Current news: During the worst of the lockdowns in April and May, three-quarters of Inditex’s world-wide shops were forced to close, leading to a 62% drop in sales. Although Inditex’s digital sales have already grown by 75% in 2020, investors and followers alike are worried about the fate of such an established brand with the possible continuation of lockdowns abroad and in the US.

Target (TGT):
SHARE PRICE: $191.10 | MARKET CAP: $95.7B
Backstory: In 1962, The Dayton Company opened its first Target store, its first attempt to incorporate upscale discount retailing into its midwestern chain. Throughout the years, Target went through hundreds of adaptations, some of its most notable ones include the formation of its brand promise “Expect More. Pay Less” to reflect the unique retail experience offered at Target and the shift to online with in 1994.
Current news:
- Target has announced a new partnership with Ulta to create destinations in Target stores located near the beauty section to highlight and showcase Ulta products and an Ulta experience.
- Target has committed $1 million to supporting small businesses in its hometown of Minneapolis.

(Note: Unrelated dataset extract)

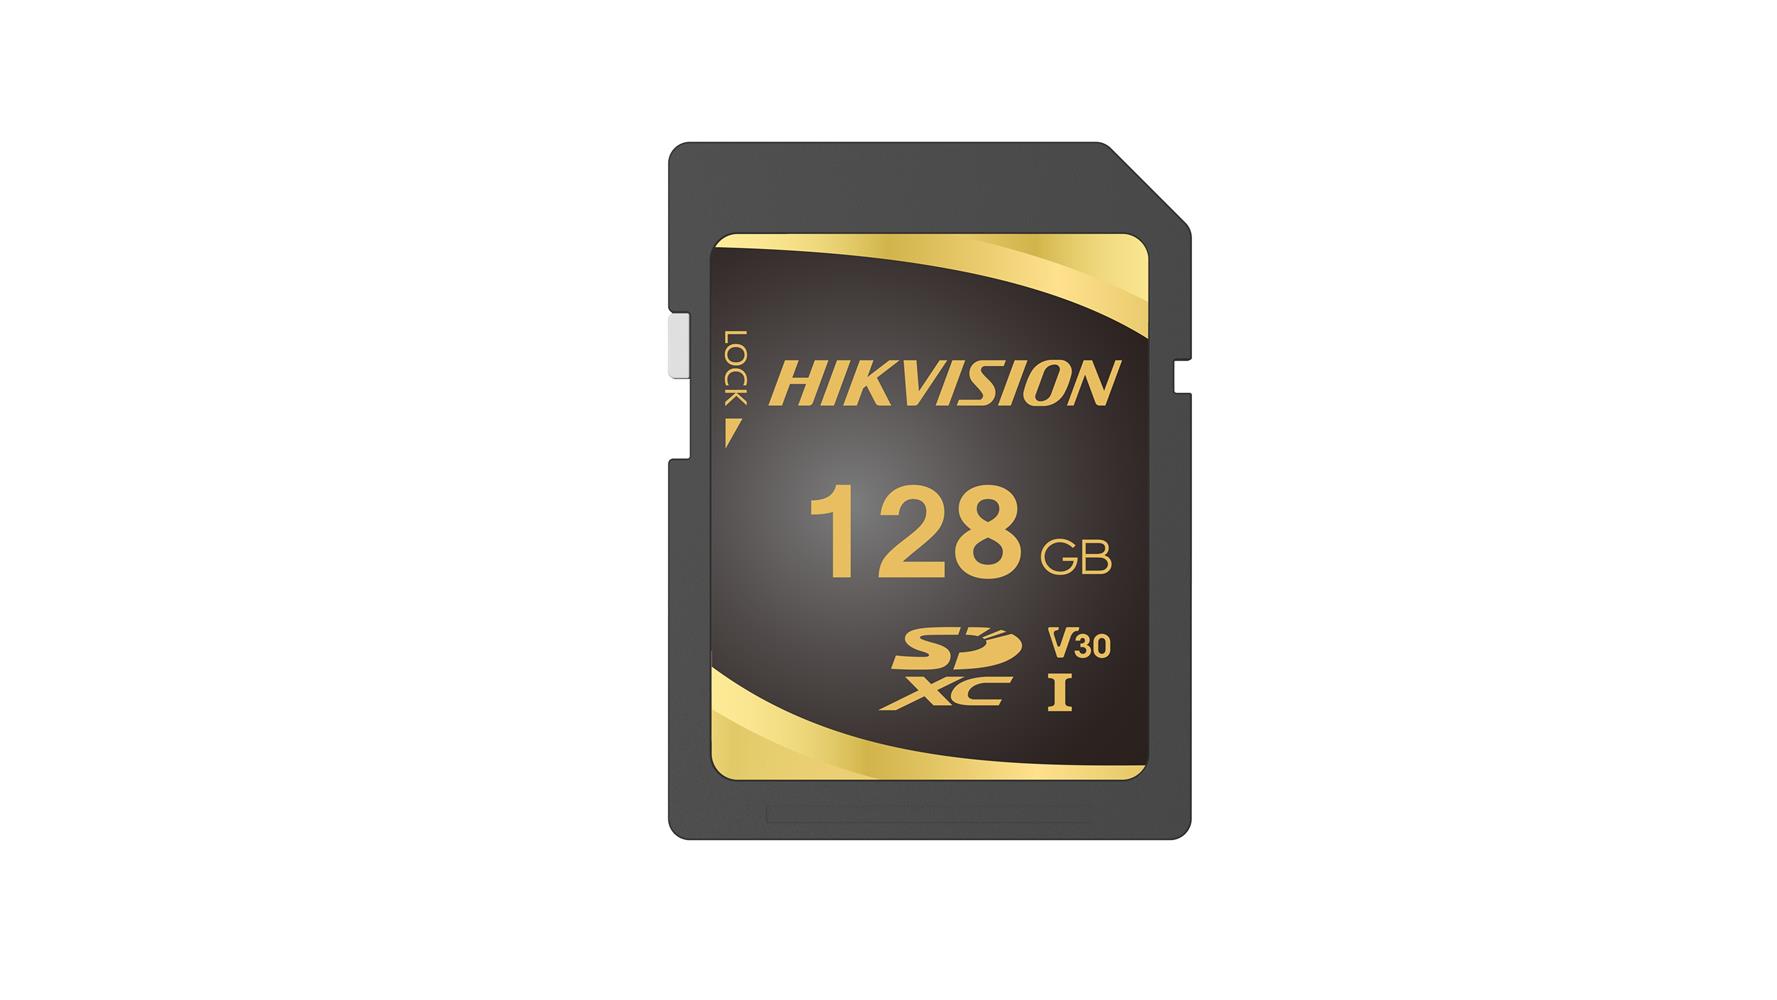 HIKVISION HS-SD-P10-128G 128GB SDXC CLASS10 U3 V30 95-85MBS ETLC 7-24 CCTV HAFIZA KARTI

- The company also rolled out a contactless and at-home delivery service throughout the holiday season until 5pm on Christmas Eve.

Mytheresa (MYTE):
Backstory: Mytheresa is a German online luxury retailer that sells clothes from 250 of the world’s largest fashion brands like Prada, Gucci, Burberry and Dolce&Gabbana. They reported net sales of €126.4 million ($154.32 million) from July to Sept 1.
Current news:
- Their parent company MYT Netherlands has filed for an IPO in the US of up to $150 million.
- Accounting to Bloomberg reports, they may seek a valuation of $1 billion to $1.5 billion.
- The business was purchased by Neiman Marcus in 2014.
- Neiman Marcus filed for bankruptcy earlier last year and handed over a part of Mytheresa to its creditors to exit Chapter 11.
- Rival company Farfetch brought in more than $1 billion in investments from Alibaba and Richemont.